↓↓↓

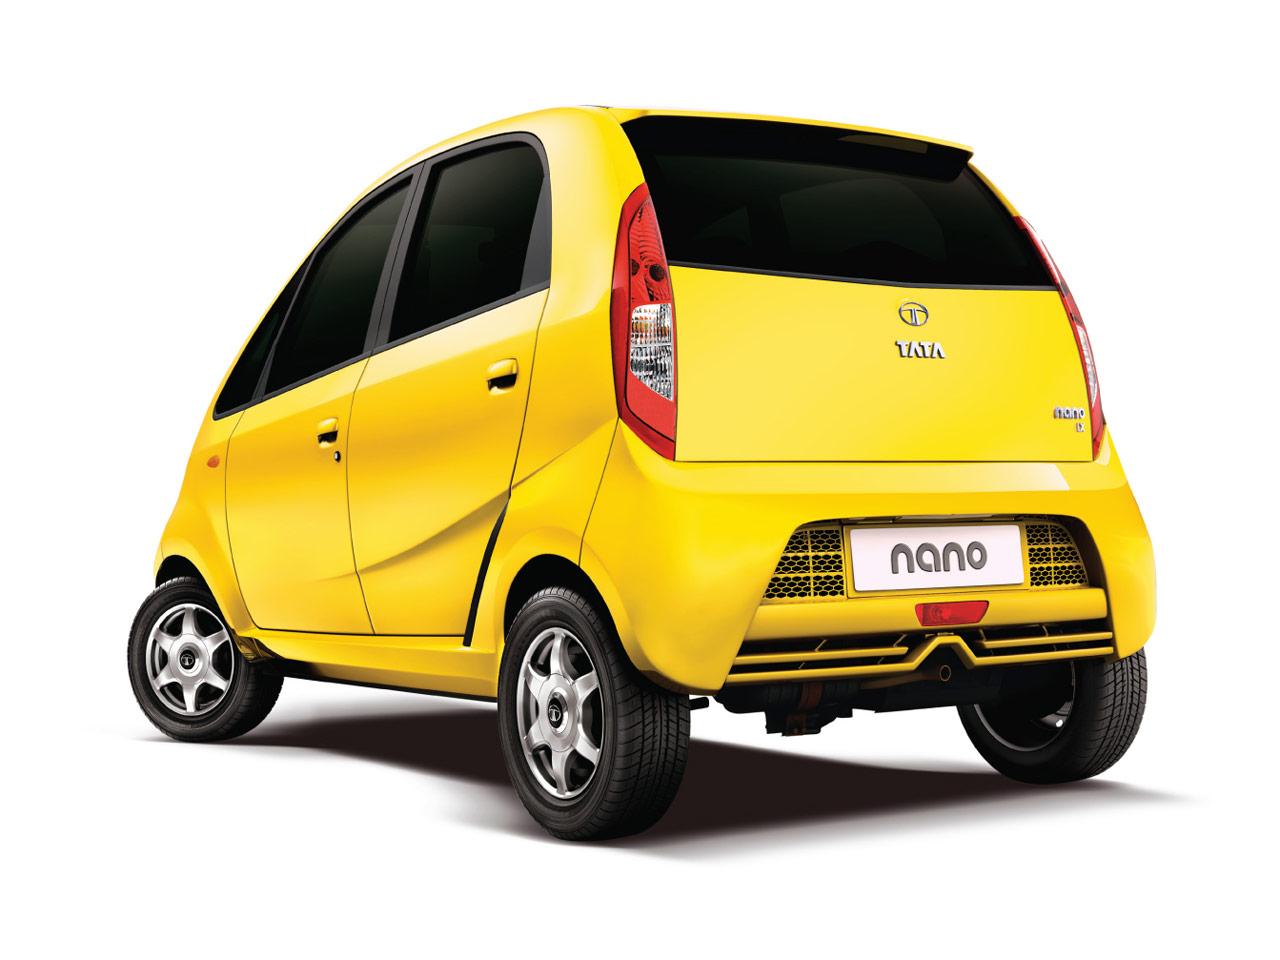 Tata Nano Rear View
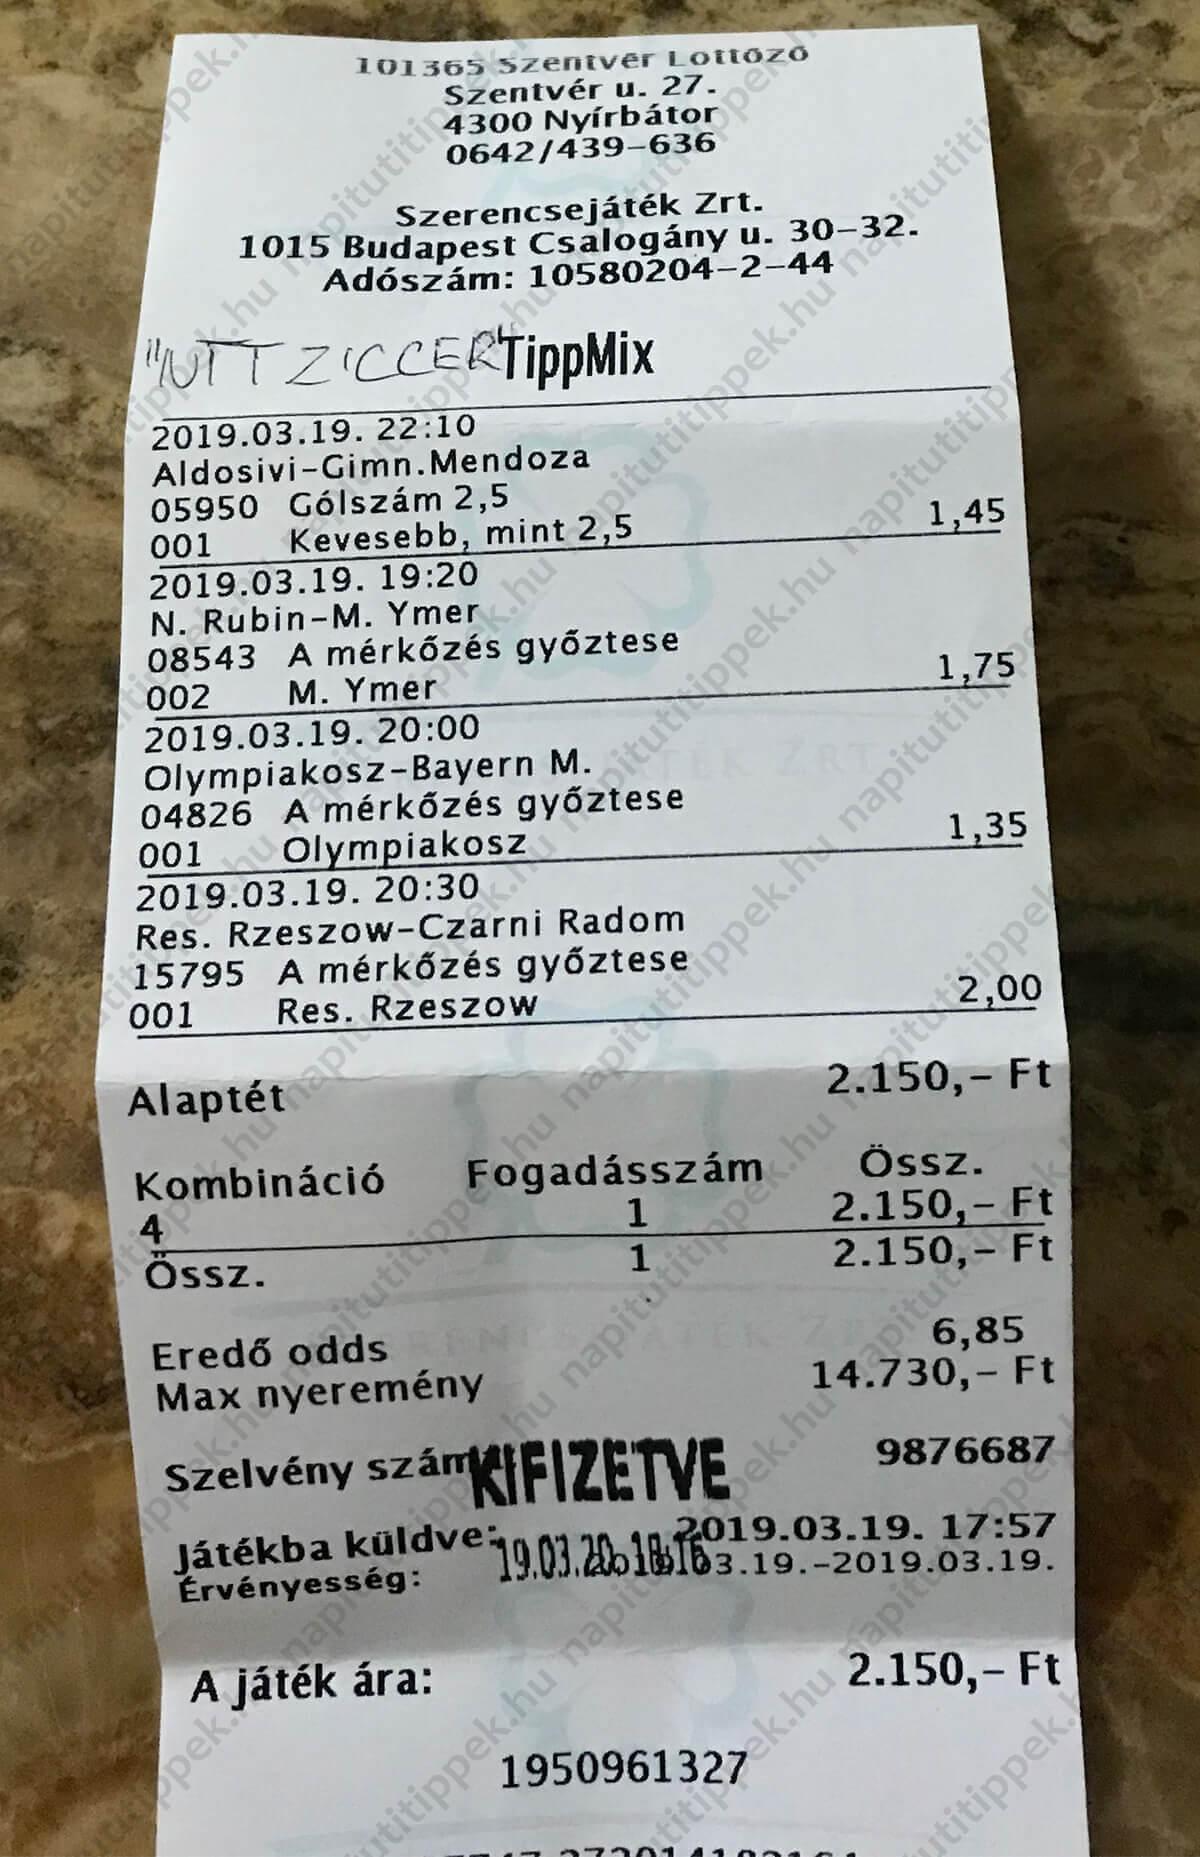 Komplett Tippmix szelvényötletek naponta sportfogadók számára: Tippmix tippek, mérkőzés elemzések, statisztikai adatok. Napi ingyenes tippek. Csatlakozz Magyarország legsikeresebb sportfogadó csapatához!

↑↑↑
↓↓↓

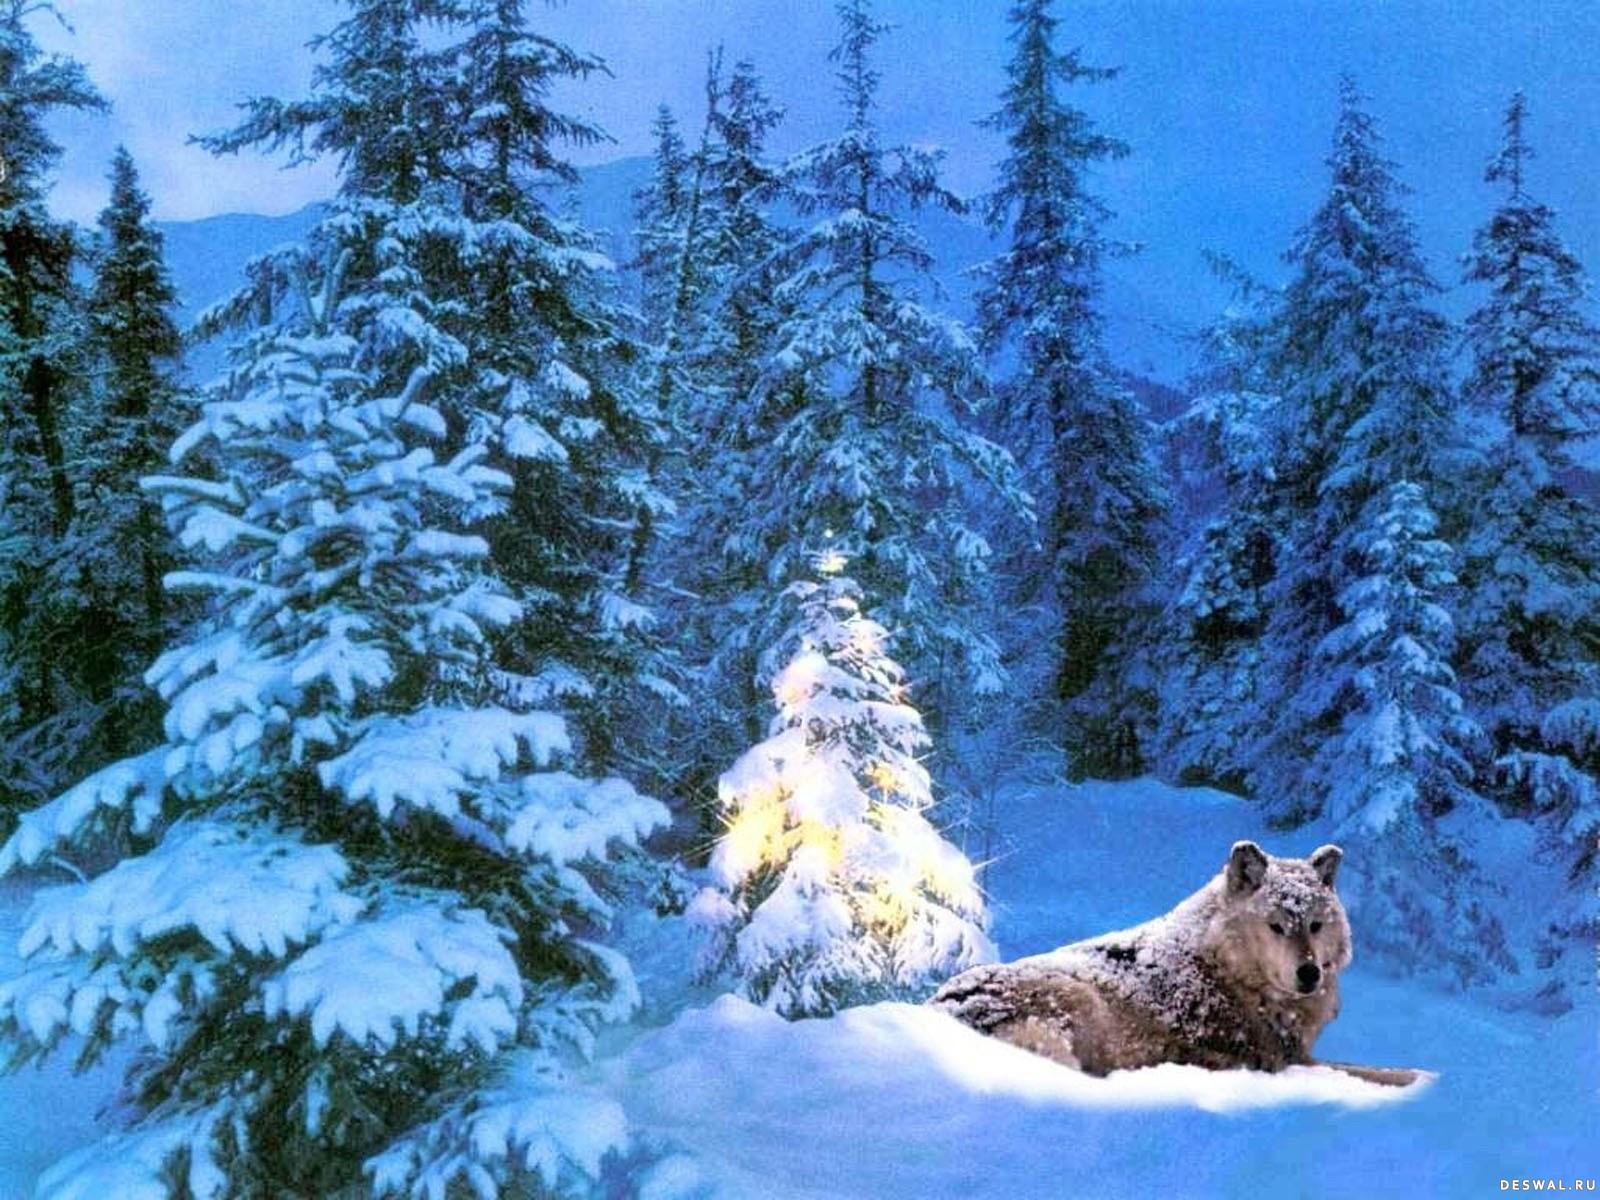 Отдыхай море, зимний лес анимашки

↑↑↑

→ **THE PROBLEM**:
Above, find the line with "Tata Nano Rear View"; copy it and every line down to the line with "Komplett Tippmix szelvényötletek", exactly and both included, but no pictures.

→ **EXERCISE SOLUTION**:
 Tata Nano Rear View
 Komplett Tippmix szelvényötletek naponta sportfogadók számára: Tippmix tippek, mérkőzés elemzések, statisztikai adatok. Napi ingyenes tippek. Csatlakozz Magyarország legsikeresebb sportfogadó csapatához!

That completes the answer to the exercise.